As an example, consider that the probability of it being hot outside is some small probability ($P(hot)>0$). Likewise, there is some small probability that it is cold outside ($P(cold)>0$). But, it does not follow that $P(hot \cap cold)>0$, because $P(hot \cap cold) \neq P(hot)P(cold)$. It isn’t possible for it to be both hot and cold simultaneously, so the events are not independent.

So, $P(A)$ and $P(B)$, below, are only be multiplied together in the event that the events are independent.

$$Independent\ only:\ P(A \& B)=P(A \cap B)=P(A)P(B)$$

Rearrange Baye’s Theorem from above

$$P(A|B)P(B) = P(B|A)P(A)$$

If we disregard $P(B)$, then we can still say the following

$$P(A|B) \propto P(B|A)P(A)$$

Apply the formula above to the spam email example.
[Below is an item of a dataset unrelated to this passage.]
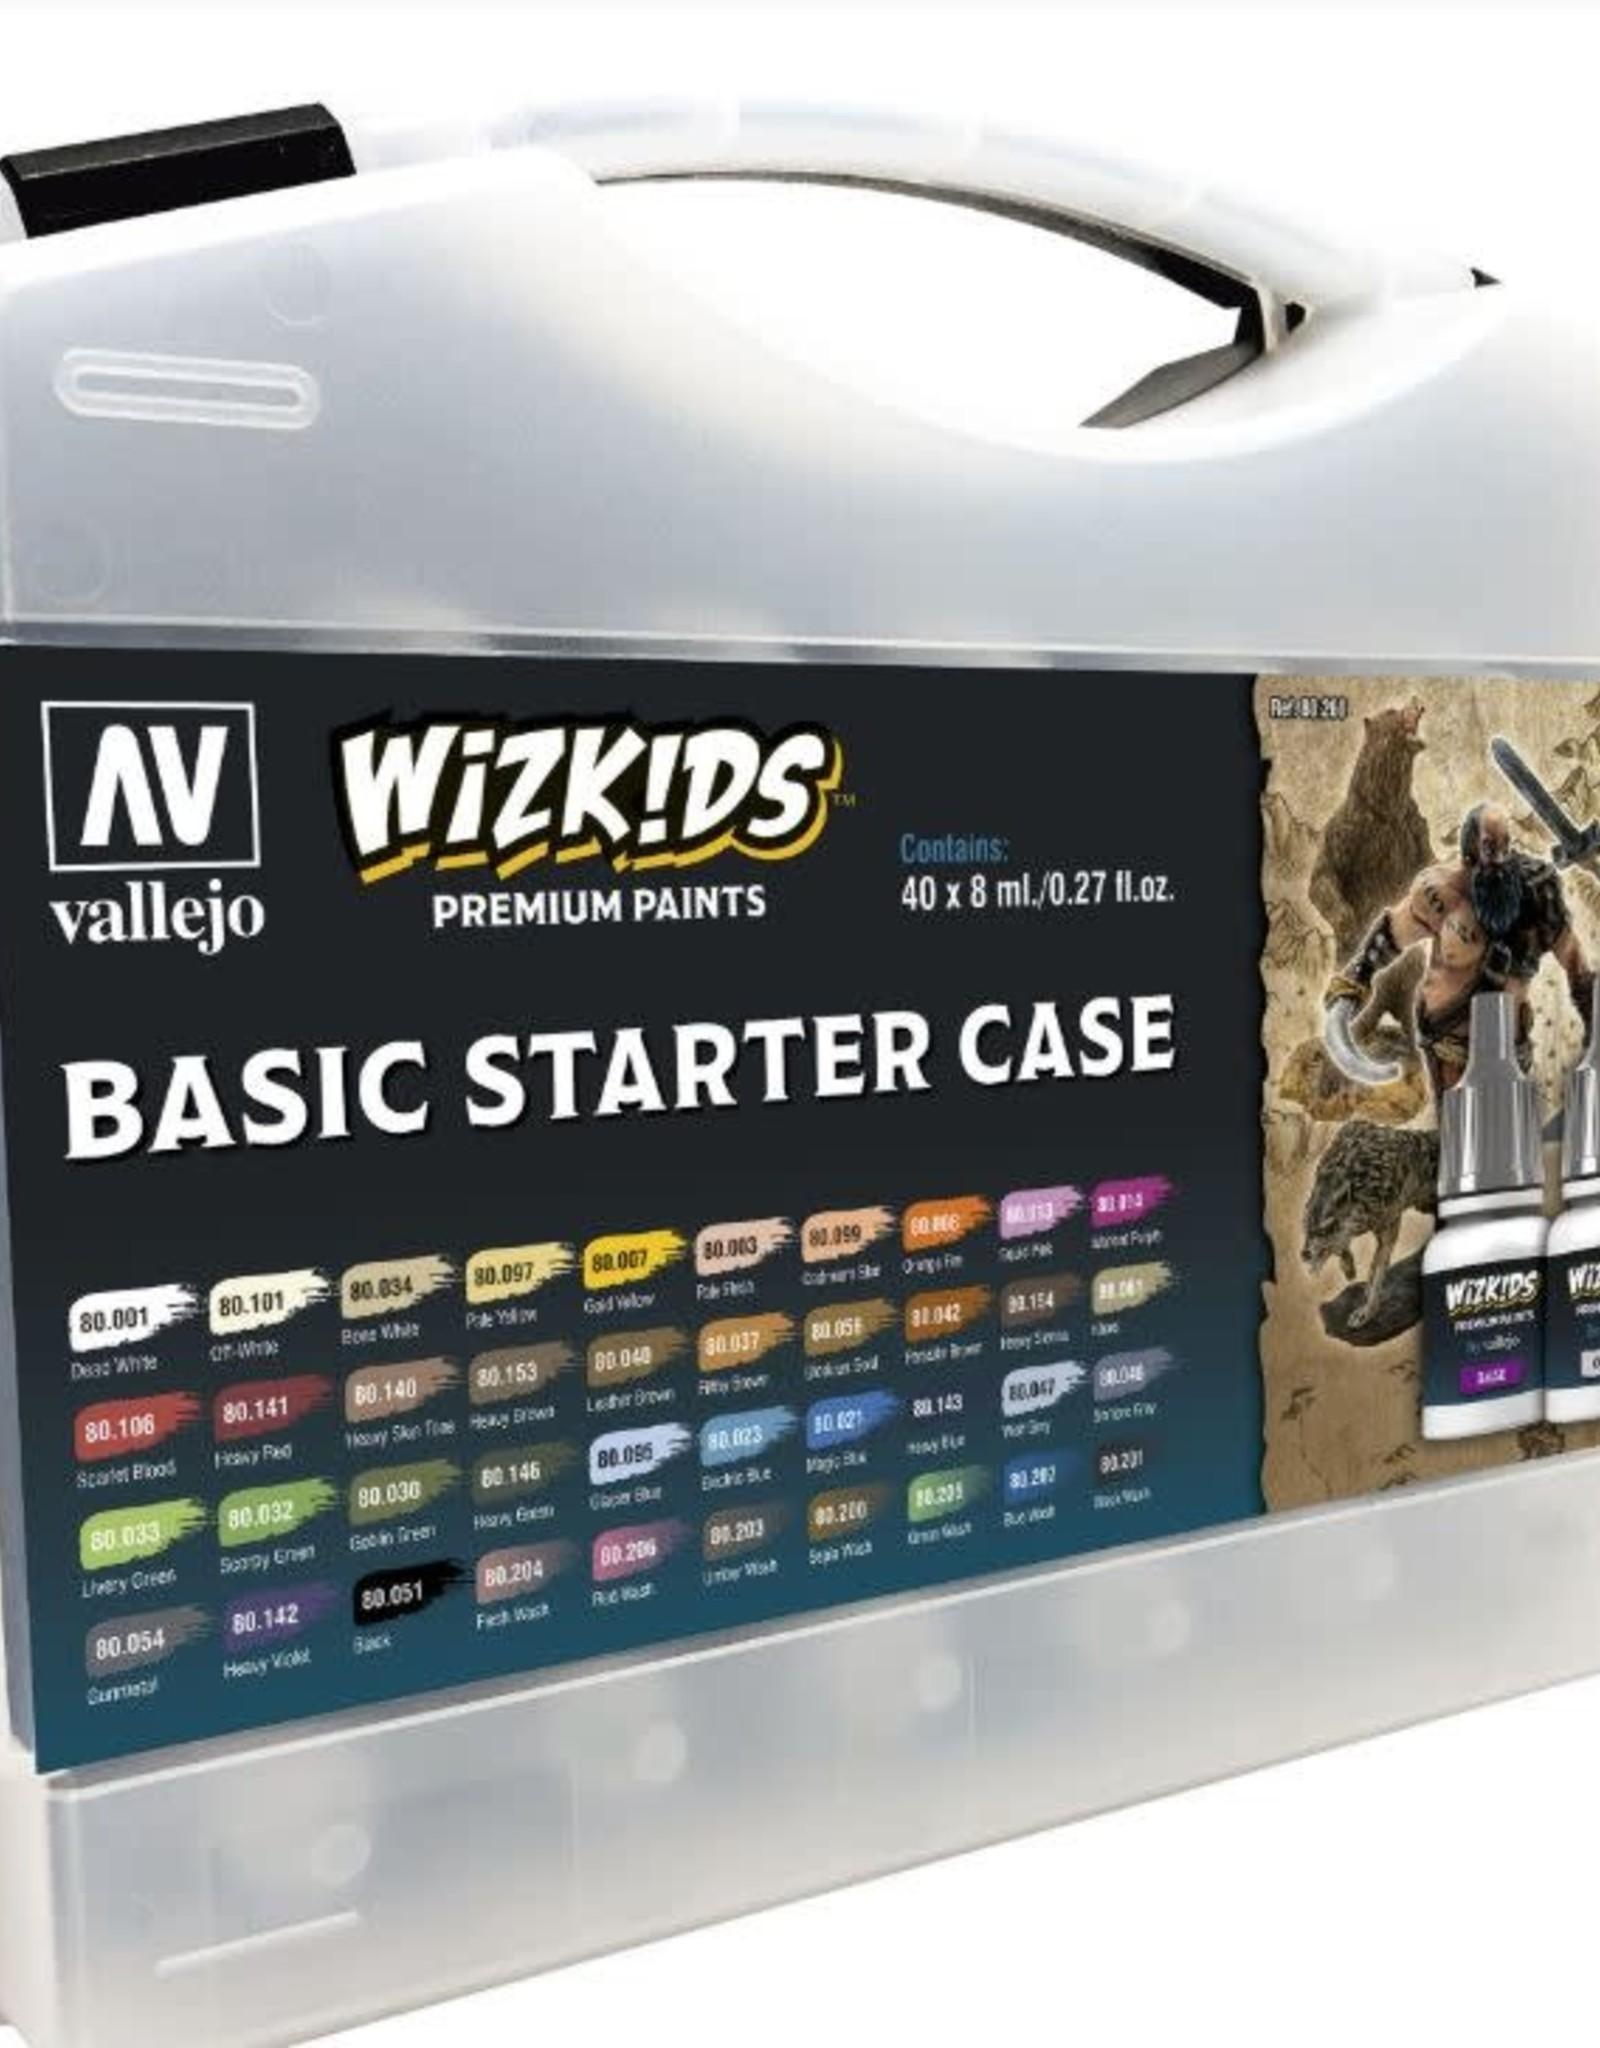 VALLEJO Wizkids Premium Basic Starter Case [Preorder]

$$P(spam|“easy”,“money”) \propto P(“easy”,“money”|spam) P(spam)$$

Using the naive assumption from above, and then plugging in the ratios we had from before:

$$P(“easy”,“money”|spam)=P(“easy”|spam)P(“money”|spam)$$ $$P(spam|“easy”,“money”) \propto P(“easy”|spam) P(“money”|spam) P(spam)$$ $$P(spam|“easy”,“money”) \propto \frac{1}{3} \times \frac{2}{3} \times \frac{3}{8} = \frac{1}{12}$$

Likewise, for legitimate (“ham”) emails:

$$P(ham|“easy”,“money”) \propto P(“easy”|ham) P(“money”|ham) P(ham)$$ $$P(ham|“easy”,“money”) \propto \frac{1}{5} \times \frac{1}{5} \times \frac{5}{8} = \frac{1}{40}$$

Since we know that the email must be either spam or a legitimate email, we can normalize these fractions to be $\frac{10}{13}$ and $\frac{3}{13}$, respectively. This normalization step is accomplished by dividing each of the fractions by the sum of both.

$$\frac{\frac{1}{12}}{\frac{1}{12}+\frac{1}{40}}=\frac{\frac{1}{12}}{\frac{40+12}{480}} =\frac{1}{12} \times \frac{480}{52}=\frac{40}{52}=\frac{10}{13}$$

Dice Example

Someone has a bag with

3 standard dice (face values: 1, 2, 3, 4, 5, 6) and
2 trick dice (face values: 2, 3, 3, 4, 4, 5).

Suppose they draw a die from the bag, roll it, and get a 3. What is the probability that the die was a standard die?

$$P(A|B) \propto P(B|A)P(A)$$

$$P(standard|\ 3\ ) \propto P(\ 3\ |standard) P(standard) = \frac{1}{6} \times \frac{3}{5}=\frac{1}{10}$$ $$P(trick|\ 3\ ) \propto P(\ 3\ |trick) P(trick) = \frac{1}{3} \times \frac{2}{5} = \frac{2}{15}$$ $$P(standard|\ 3\ )=\frac{\frac{1}{10}}{\frac{1}{10}+\frac{2}{15}}=\frac{\frac{1}{10}}{\frac{15+20}{150}} = \frac{1}{10} \times \frac{150}{35}=\frac{3}{7}$$

This content is taken from notes I took while pursuing the Intro to Machine Learning with Pytorch nanodegree certification.